Selon cette position, l’être humain est donc un être apte à produire, et chacun a sa petite part d’action.
L’humanisme dans l’histoire : un mouvement
intellectuel de la Renaissance qui est né en Italie au XVe siècle. Il s’est progressivement étendu en France, en Allemagne, en Angleterre et aux Pays-Bas. Son âge d’or est le XVe siècle. L’humanisme est donc un mouvement d’idées qui fonde une philosophie, plaçant l’homme au-dessus de tout. Selon Pic de Mirandole (disciple de Marsile Ficin) dans son Discours sur la dignité de l’homme : « on ne peut rien voir de plus admirable dans le monde que l’homme. » Et Erasme, un théologien et poète hollandais, surnommé le « prince de l’humanisme »
Politique, nom féminin, vient du mot grec « polis » qui signifie la « cité ». La cité nous indique la ville bien organisée du point de vue financier, administratif et du pouvoir. « Politikés » désigne l’art de gouverner, de diriger, d’administrer ou de présider la cité, pour assurer l’émancipation ou l’épanouissement de tous citoyens, dans tous les domaines.
La conception aristotélicienne de la politique se rapporte à cette définition étymologique, car pour lui, un gouvernant doit être un homme compétent (élite).

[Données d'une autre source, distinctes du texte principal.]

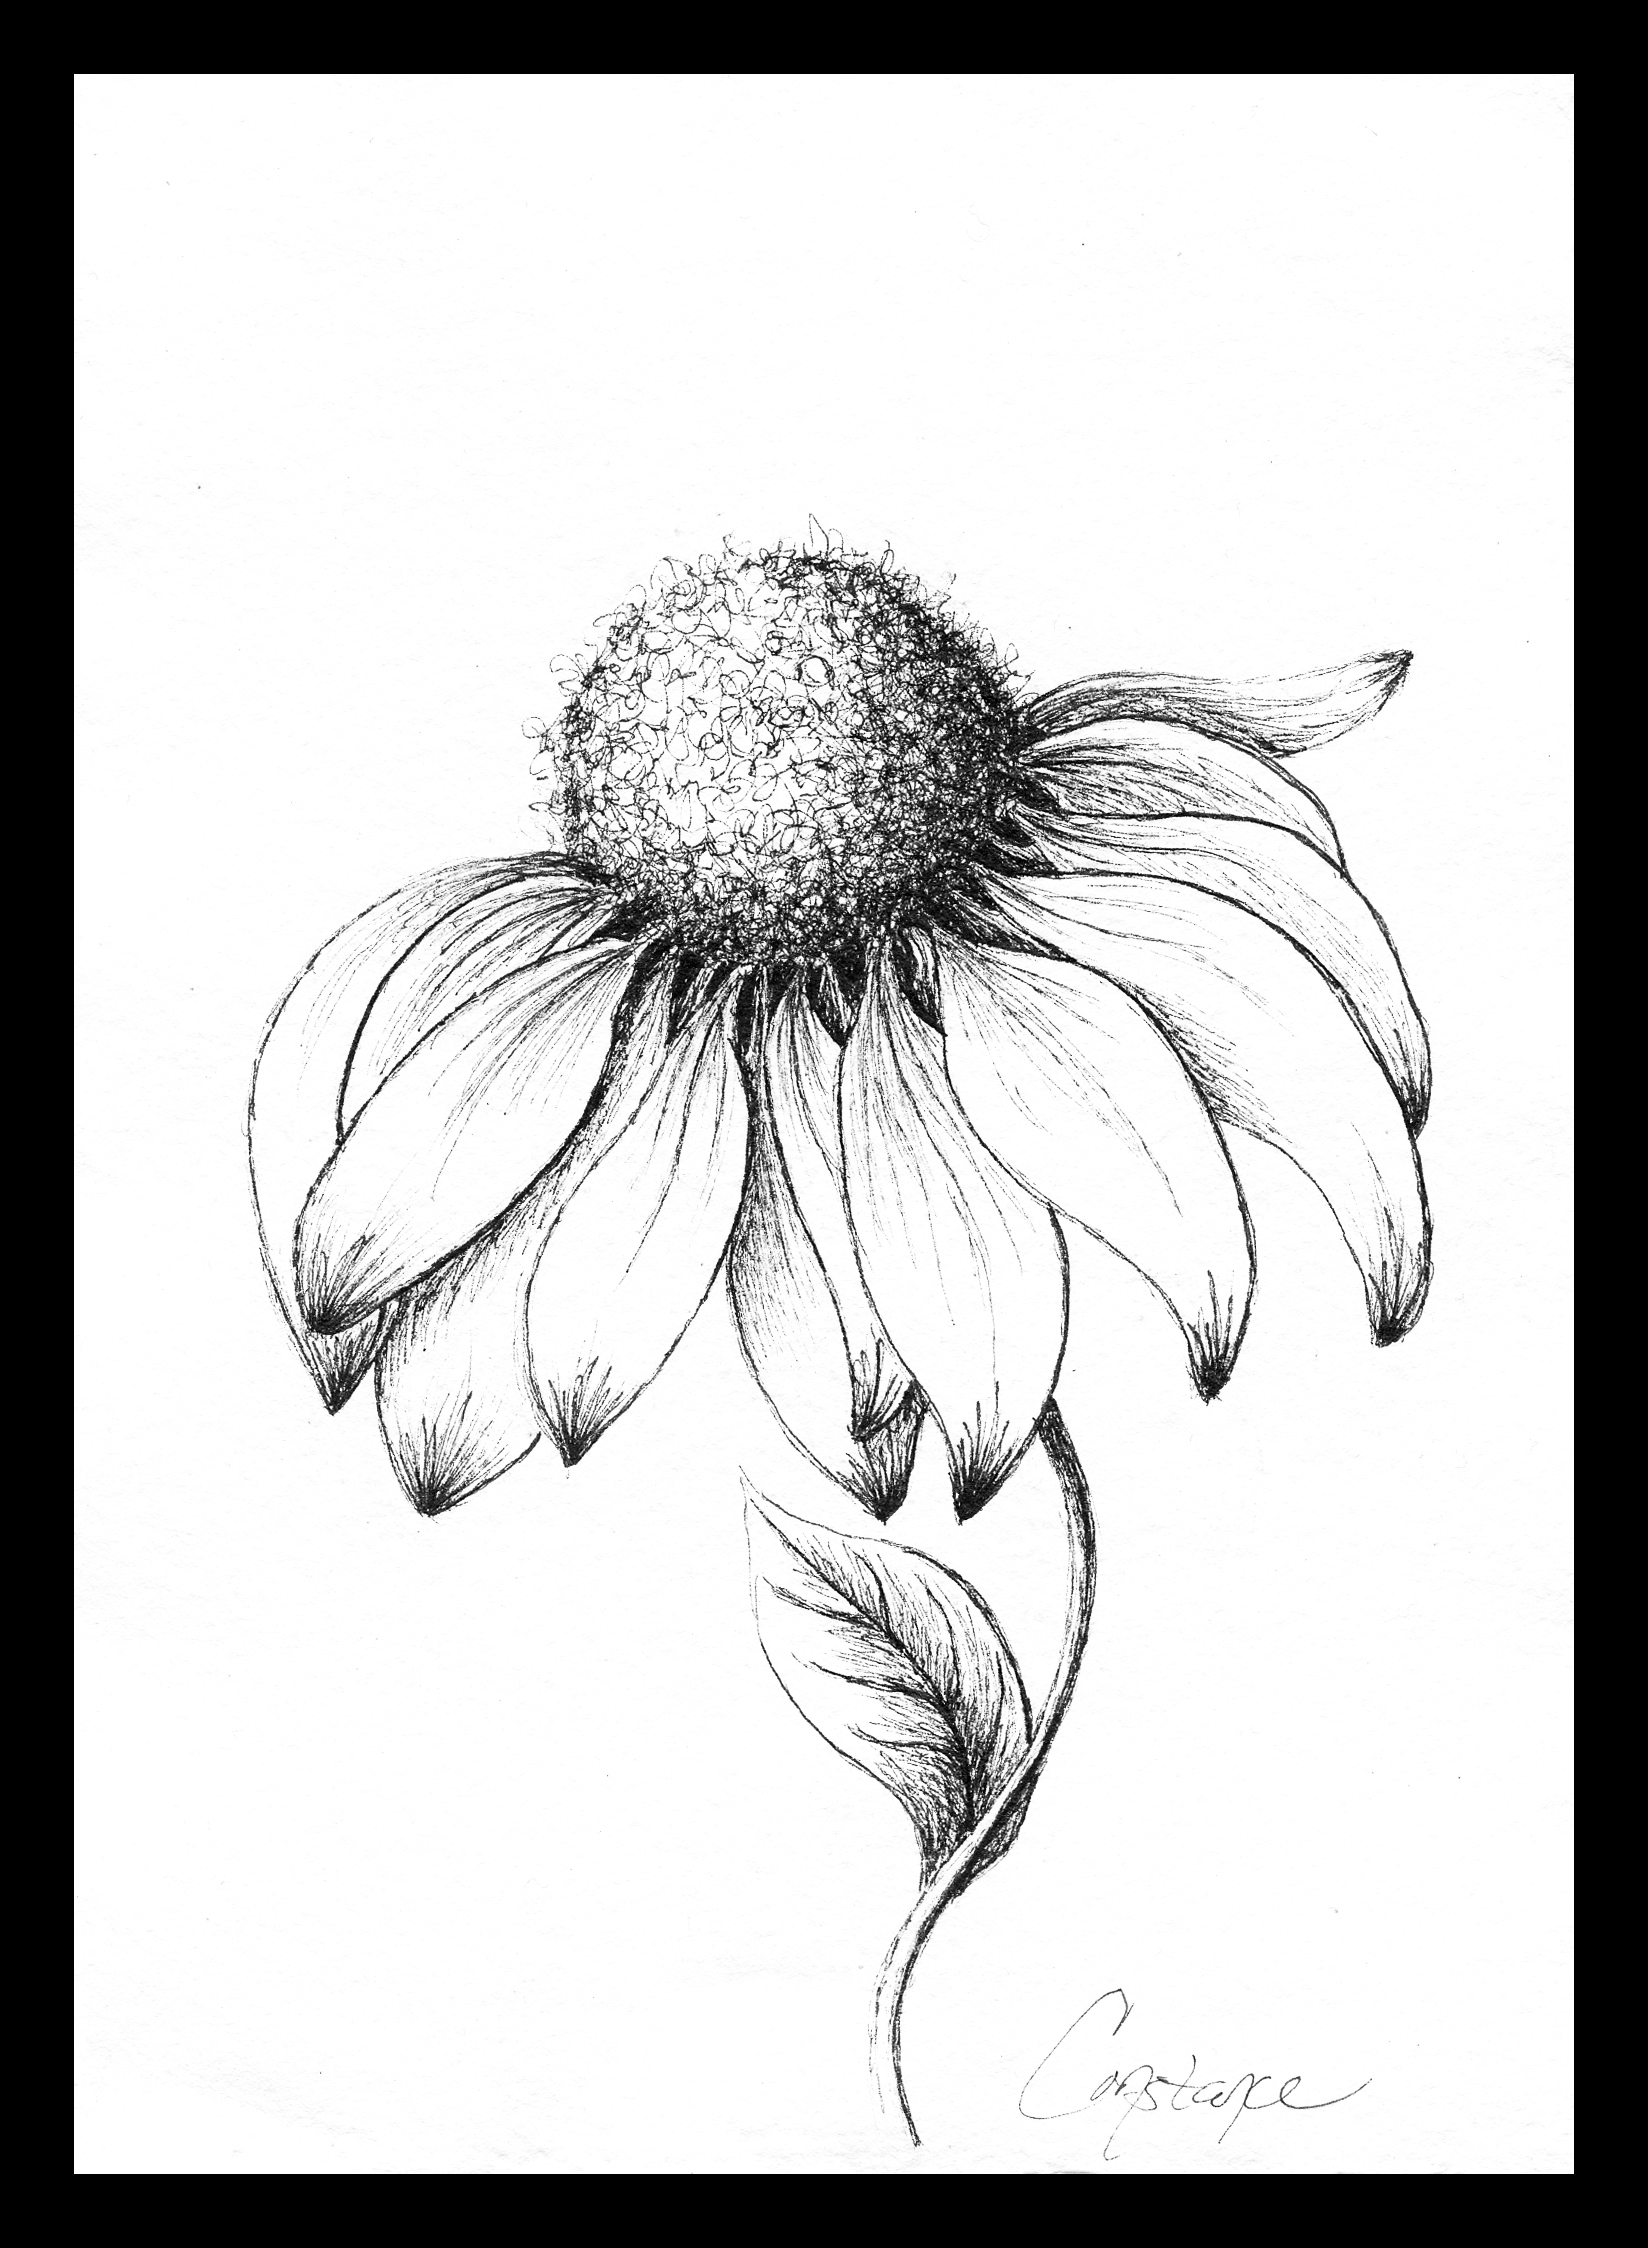 Coneflower in Ink by Constance Reeder Art

Dans ce sens, la politique est une science qui consiste à commander les membres de la cité vers le bien commun, la justice, le droit, le bien-être de tous les citoyens, par l’intermédiaire de la loi. Il s’agit d’une loi qui regarde ce qui est légitime.

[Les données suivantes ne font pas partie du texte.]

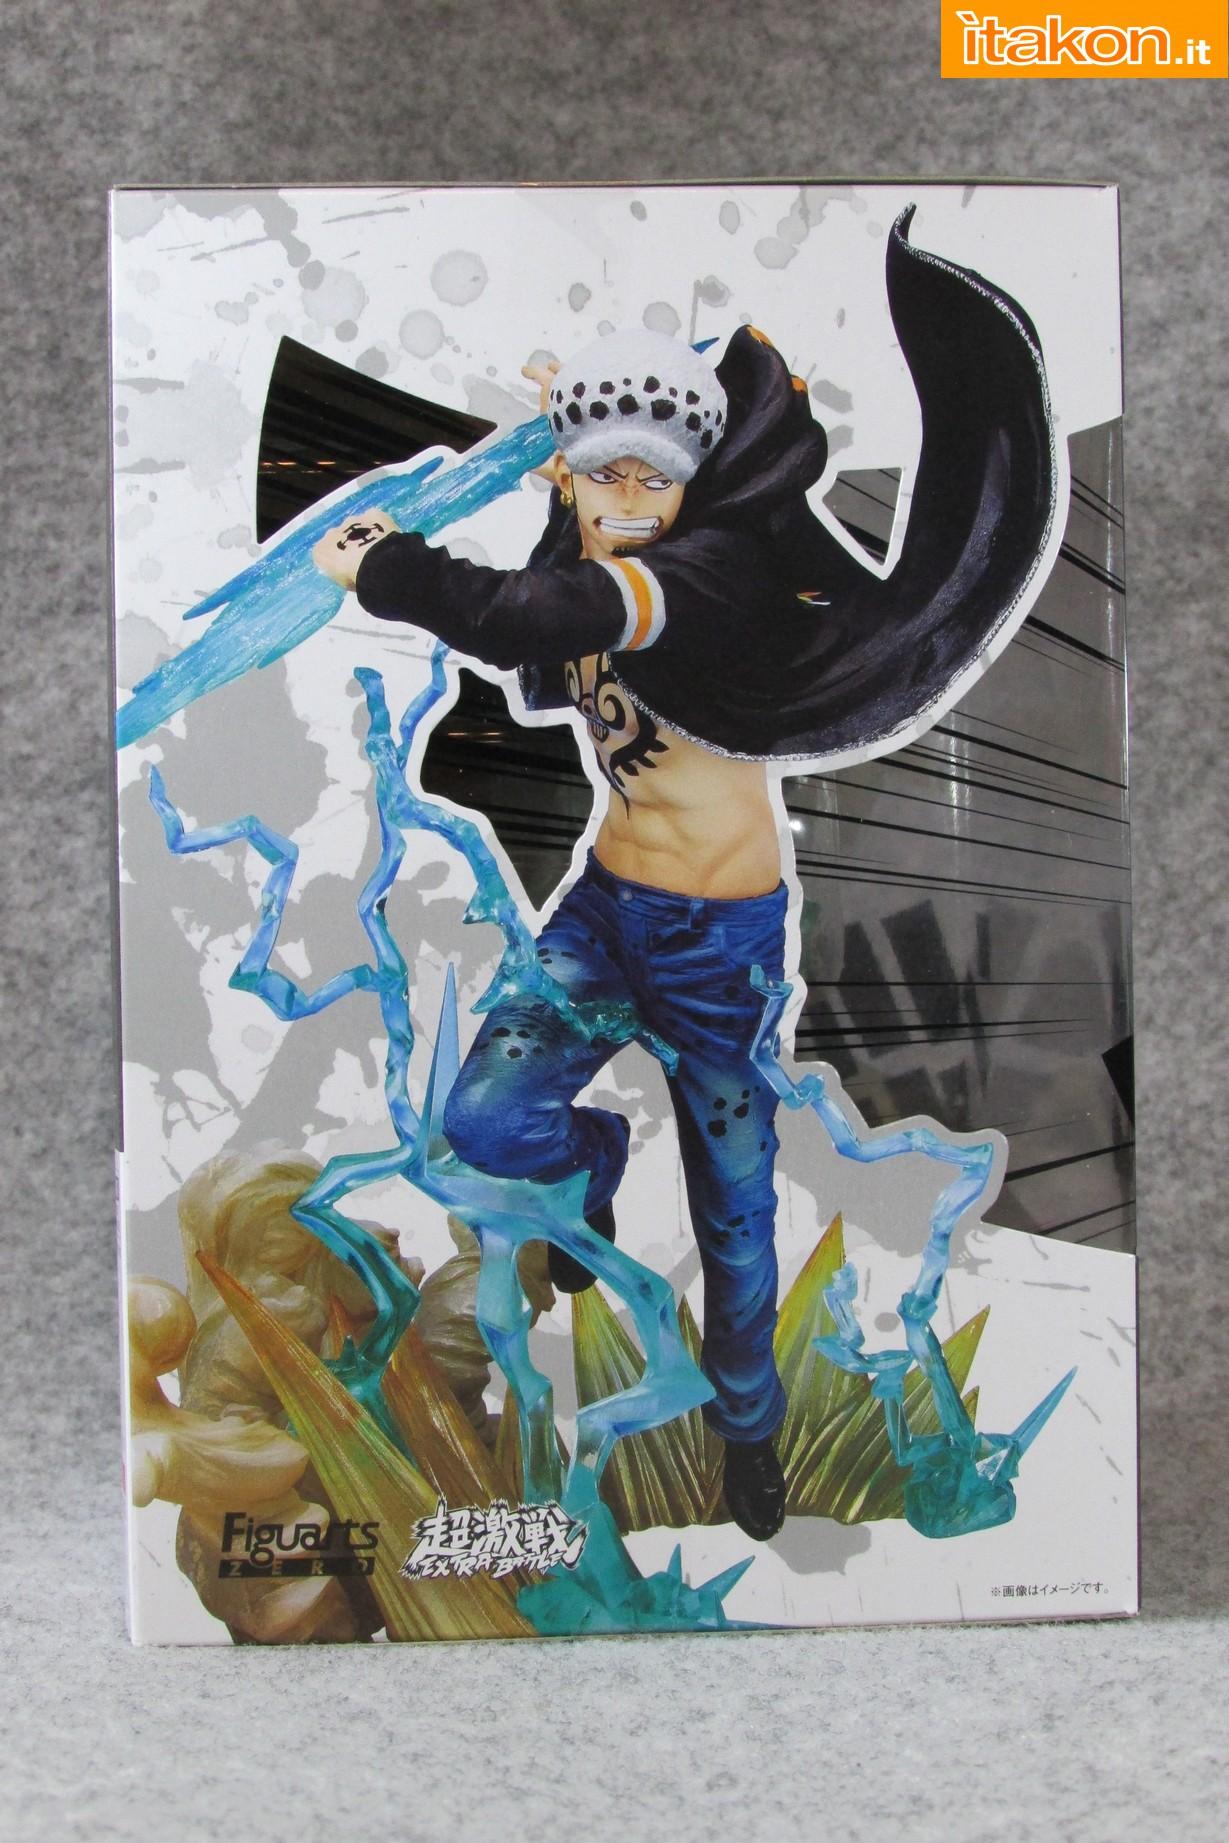 Link a One Piece Trafalgar Law Gamma Knife Figuarts ZERO Chou Gekisen Extra Battle Recensione Review Itakon.it 05

Politique (le), nom masculin, terme qui désigne la chose politique ou l’objet même de la politique, y compris l’homme politique.

LES AUTRES CONCEPTS À UTILISER

Humanité, nom féminin ; le terme désigne l’homme en général, il reflète le double sens de ce qui est humain et l’ensemble des hommes, le « Grand être »social, composé de plus de morts et de vivants, et de la société future, autant que des sociétés passées.
Machiavéliens, nom masculin, désignant des penseurs qui étudient la théorie et le système de Machiavel, ses adeptes. On les appelle souvent les défenseurs de la liberté, de l’autonomie politique. Le prince machiavélien est souvent un impitoyable tacticien. Ce prince inspiré doit comprendre le moindre rouage de la façon de gouverner, celui qui a juste ce qu’il faut d’humain, un homme non seulement doué, mais forgé par l’éducation. Il doit savoir que le bonheur et le malheur de l’homme dépendent de leur virtù en tant que valeur absolue de la volonté.
Pour les machiavéliens une situation particulière demande une décision spécifique dans toutes les activités humaines.
Machiavélique, adjectif qualificatif, son apparition désigne celui qui est impie, scélérat et athée. Machiavel est critiqué par une foule de gens, entre autres les partisans de l’Église qui l’ont mal compris et jugé, malgré un bon nombre d’admirateurs.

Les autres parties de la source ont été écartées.